It seemed strange and almost funny for her to be saying what she started to say now and yet, once the cards started falling in her head she had to go on with it and have it over with.
“No! Not yet. There’s something I want to tell you now that I should have told you before, I suppose, only you made it... difficult to...”
“I suppose you’re wondering about my plans to go to California?” Incongruously enough, he was still holding her against himself—so close that she could even hear the beating of his heart before he said quietly, “I’m sorry I didn’t say anything before you had to hear it from someone else, Alexa.”
“It’s true, though? Isn’t it?”
“Yes, it’s true. I should have had my fun and tasted what I wanted to taste of London as Lord Embry, heir to the Marquess of Newbury. Good God!” His laughter sounded harshly in her ears as he said: “I knew from the start of the adventure that I didn’t fit in—and that there were limits to what I could stomach; and whatever happened is my own damned fault for procrastinating and putting off the inevitable. Christ, I’d smother if I stayed here any longer, moving in circles like a rider on an eternal carousel until I get so dazed and so dizzied that I forget how to get off the damned thing! I meant to tell you when I came back today, Alexa, although I can’t blame you for thinking—whatever the hell it is you’re thinking. But whether you believe it or not, I was going to tell you. And—dammit...”

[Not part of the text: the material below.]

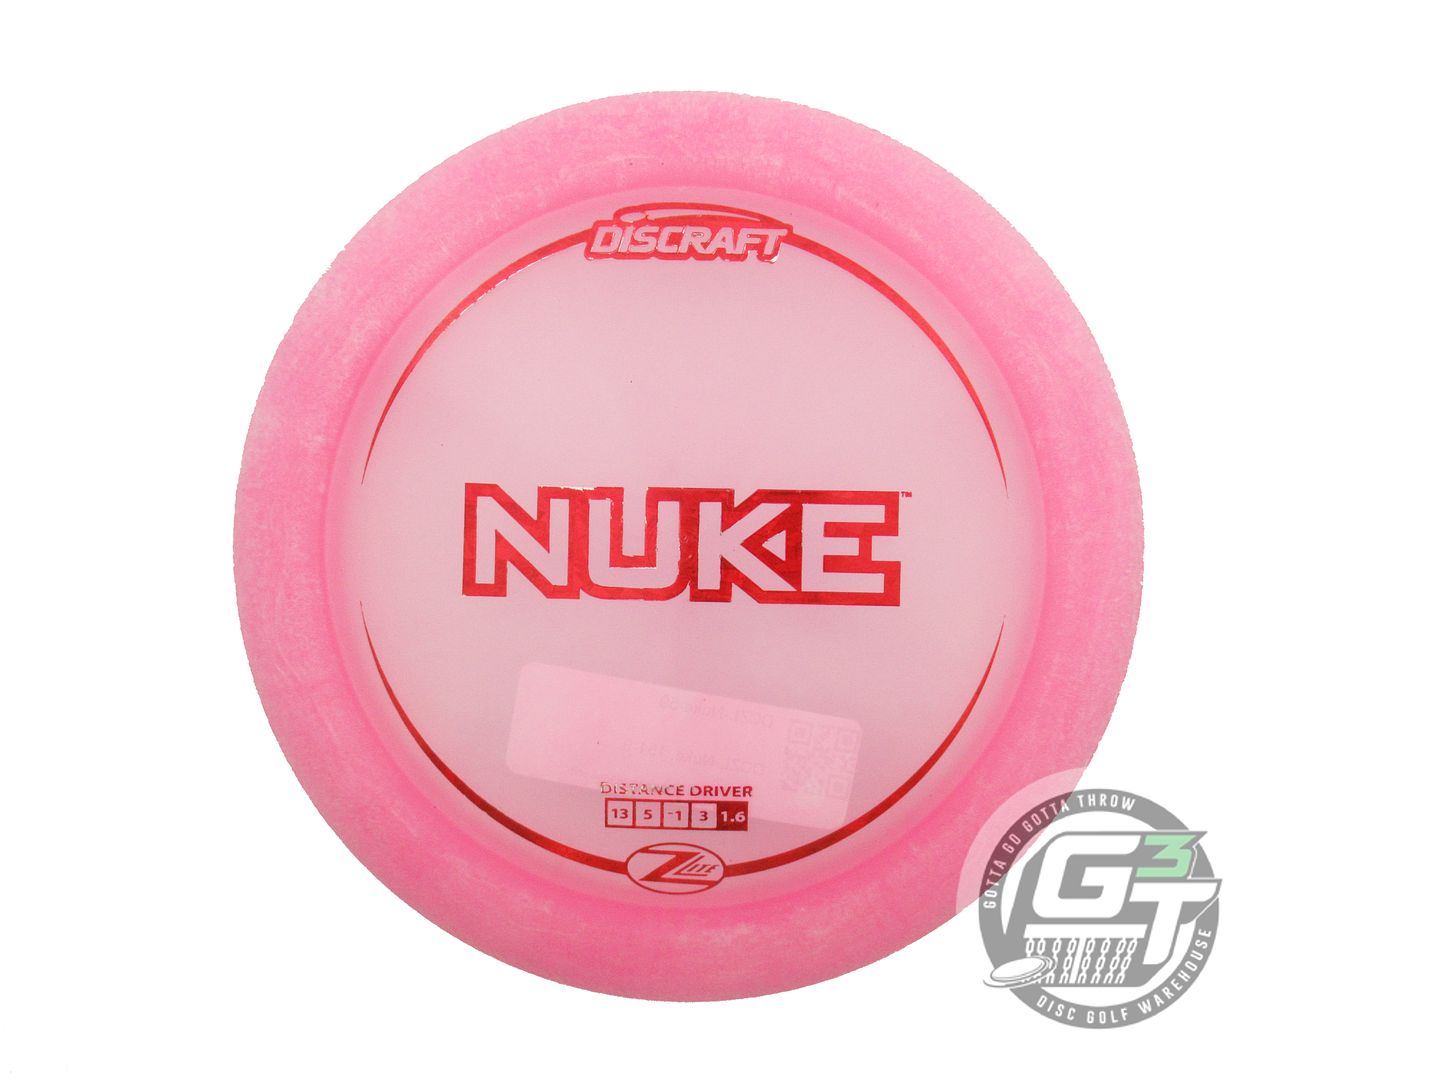 Discraft Z Lite Nuke Distance Driver Golf Disc (Individually Listed)

“Don’t! I... Please, I only wish you would not find it necessary to—to tell me any more lies or...or make me any more apologies, or...just don’t, do you hear me?” Still held in his arms, Alexa turned her head upward to talk into the dark blur that was thankfully all she could see of his face; and she heard words again coming from somewhere removed from herself—pouring down on them both like the incessant dripping of the rain. “I tried to tell you before, I just said. I tried to tell you that I had already made up my mind—that I want to belong only to myself again, and to live only for myself and to do only as I please, and when! I am going to Spain in two weeks' time. I’m going with—Belle-Mere. She needs me now, you see, and she has persuaded me that I might need her. We shall use each other for a while, I suppose! But I want to take lovers if I choose to do so, and I feel I must tell you that I will, if I want to! Do you hear me, Nicholas? Do you hear me? I don’t give a damn...not a damn what you threaten me with or...or...even what you might do to me! I don’t care. You made me... You made me not..,” Racked by sobs, she had begun to pound furiously against him while she tried to force more words out and could not. Until she finally had no more strength left in her wrists, and instead of beating against him her fingers now clung to the wet fabric of his shirt and she lay there crouched with her face against his heart, sobbing helplessly.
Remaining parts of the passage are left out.